Data:
________________________________________
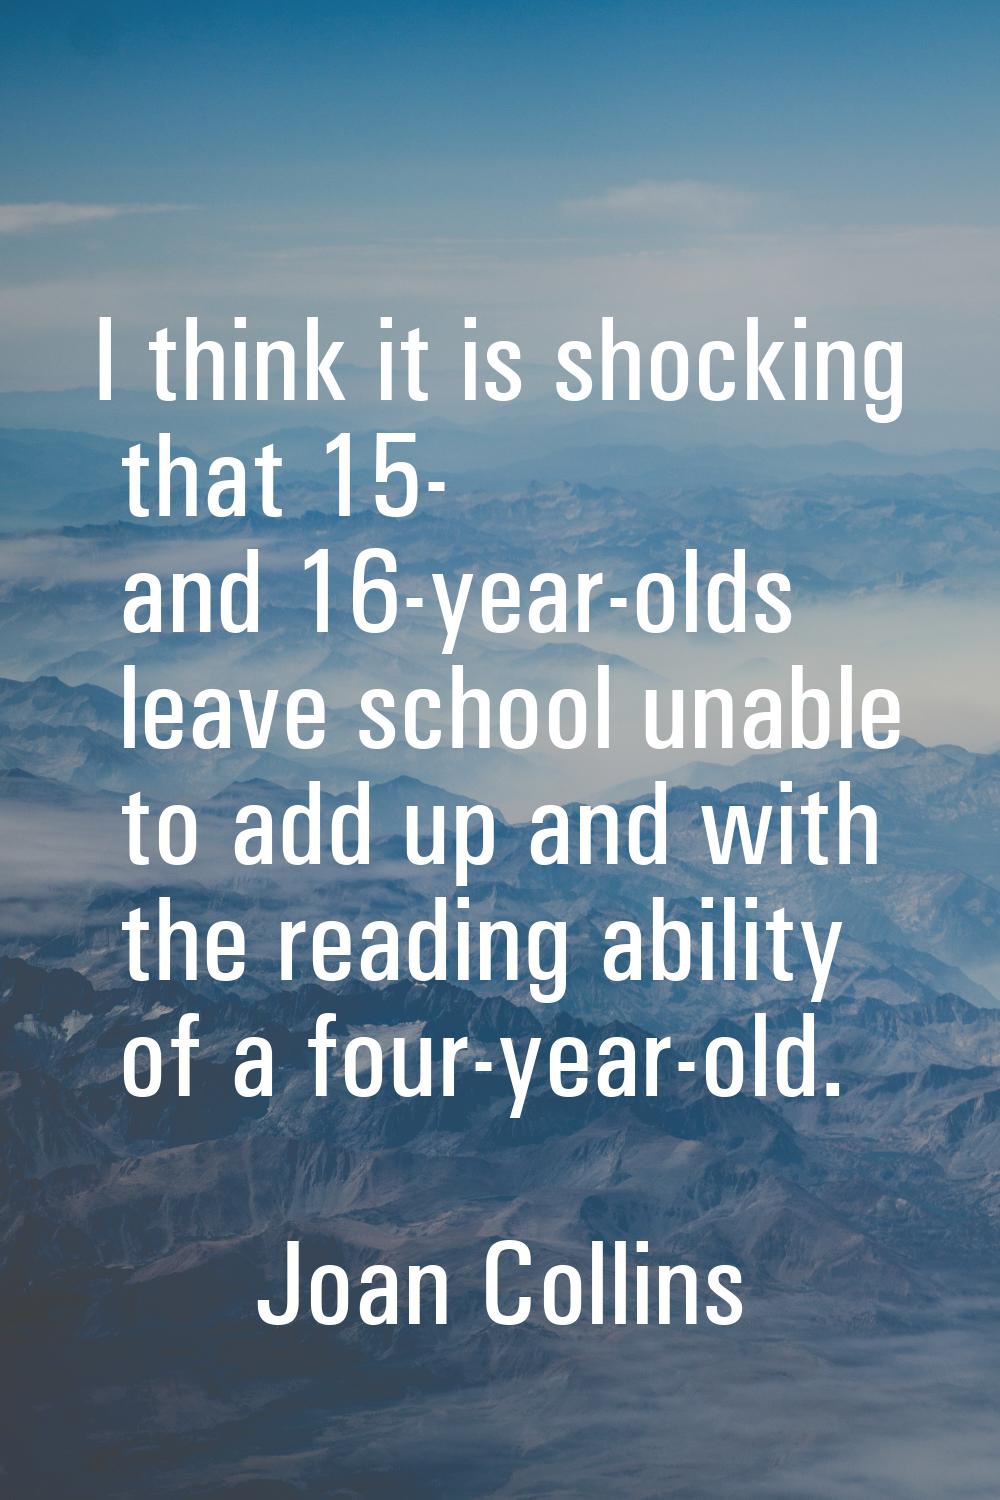 I think it is shocking that 15- and 16-year-olds leave school unable to add up and with the reading
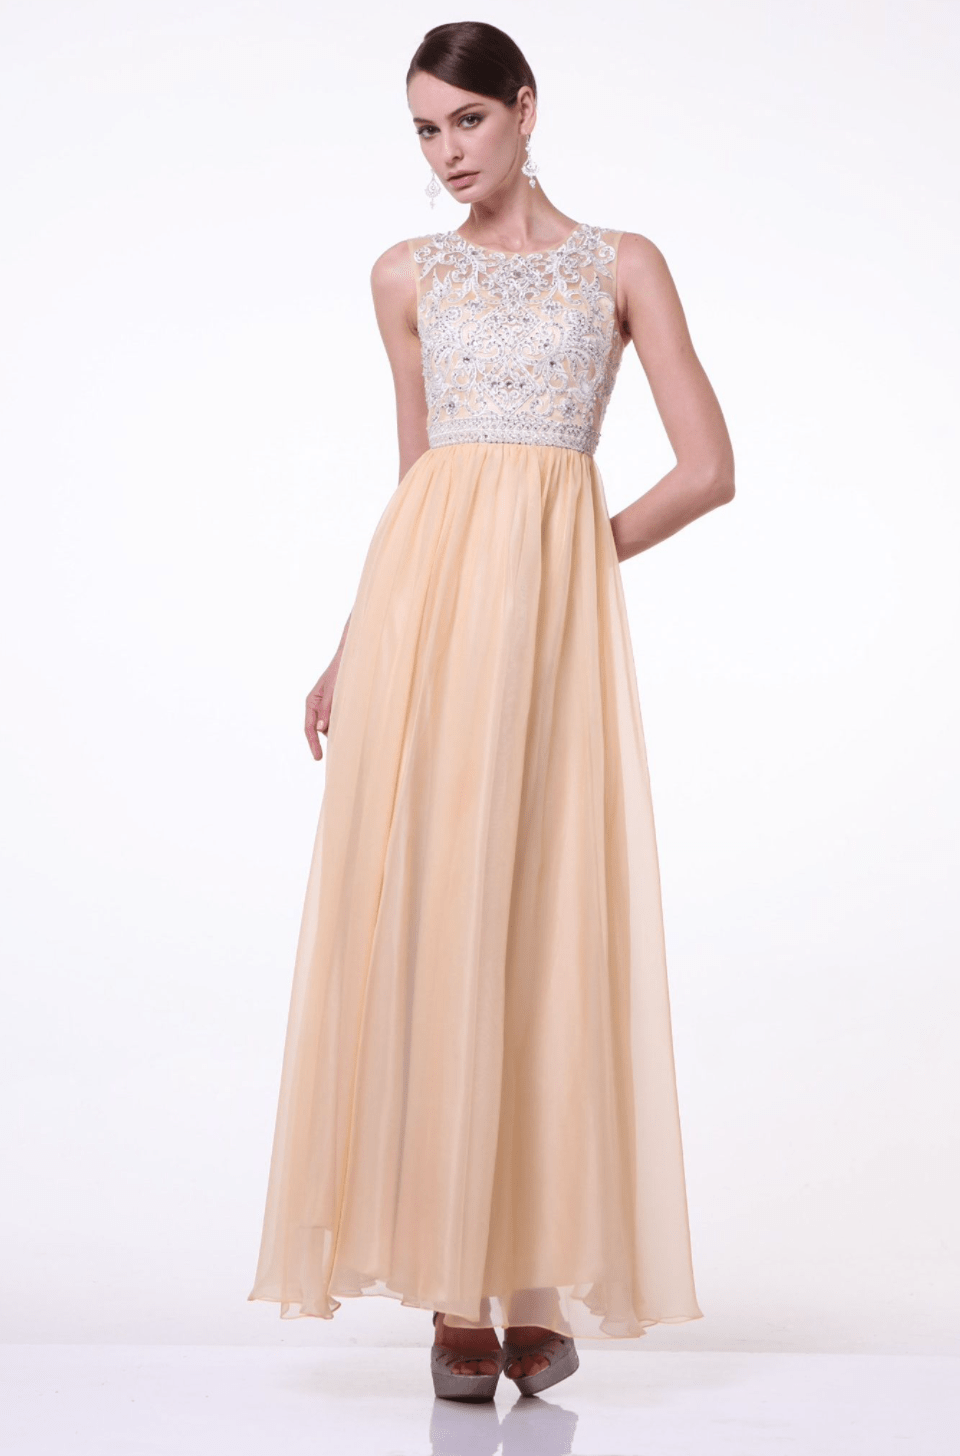 Champagne Crystal & Chiffon Long Dress by Ladivine - NORMA REED
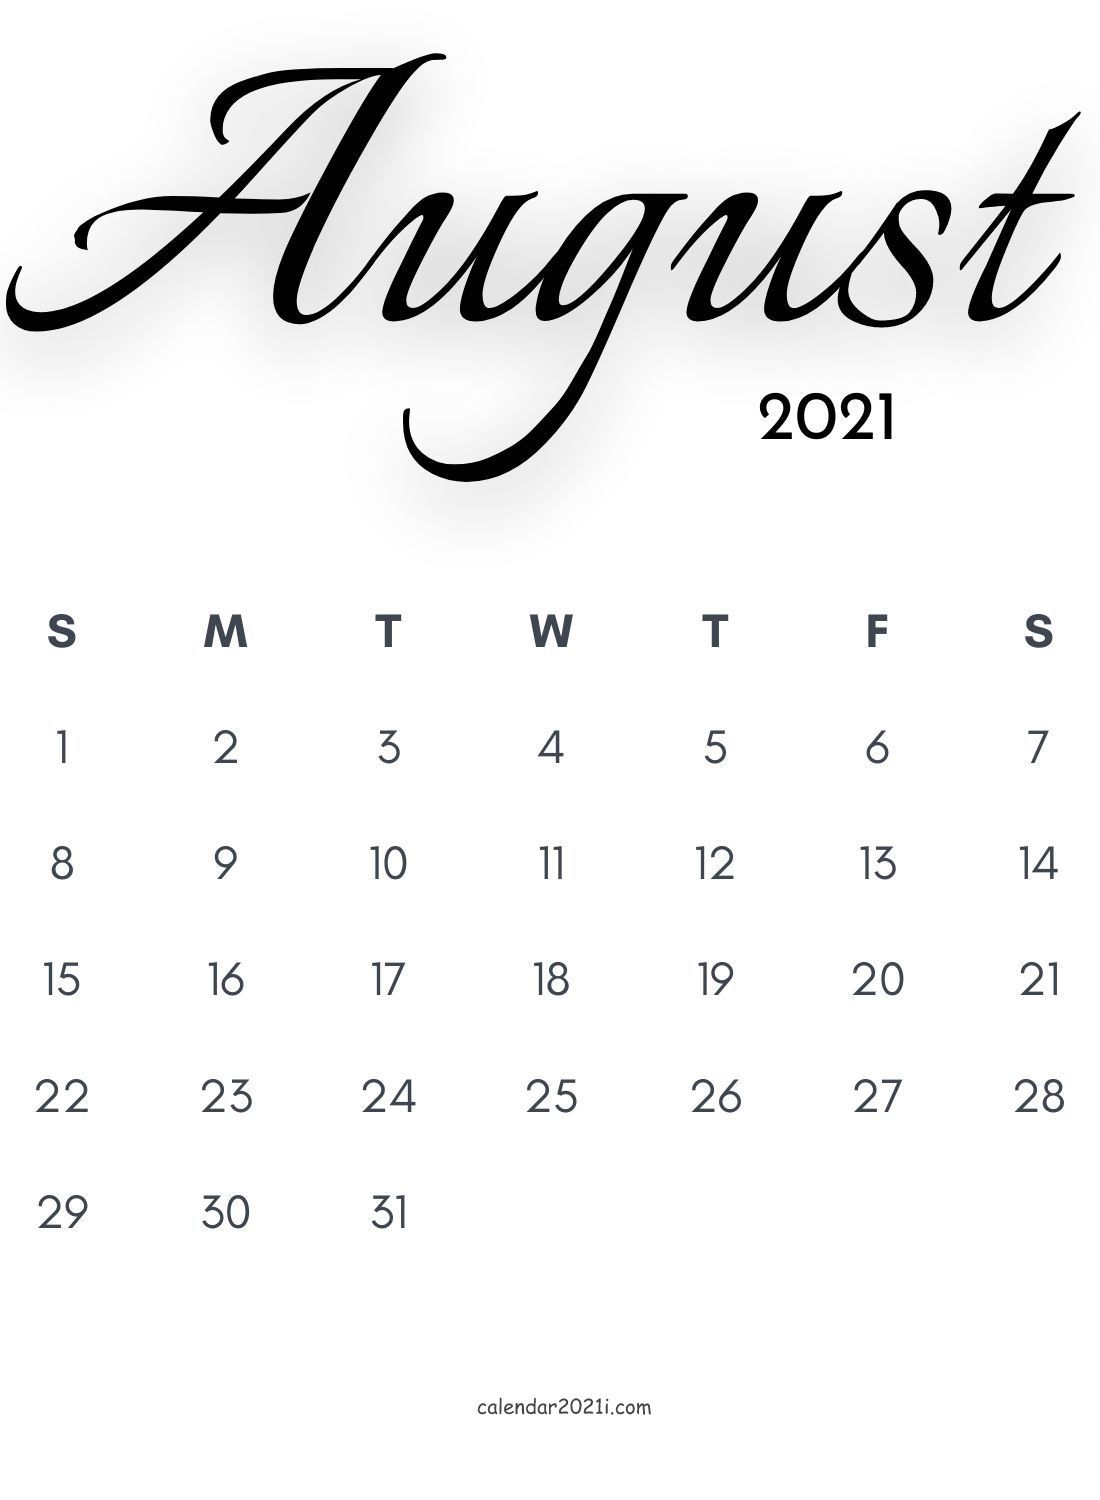 August 2021 Calligraphy Calendar Free Download | Calligraphy
________________________________________
The full data, repeated exactly and stripped of its pictures, is the expected answer.

The answer:
 I think it is shocking that 15- and 16-year-olds leave school unable to add up and with the reading
 Champagne Crystal & Chiffon Long Dress by Ladivine - NORMA REED
 August 2021 Calligraphy Calendar Free Download | Calligraphy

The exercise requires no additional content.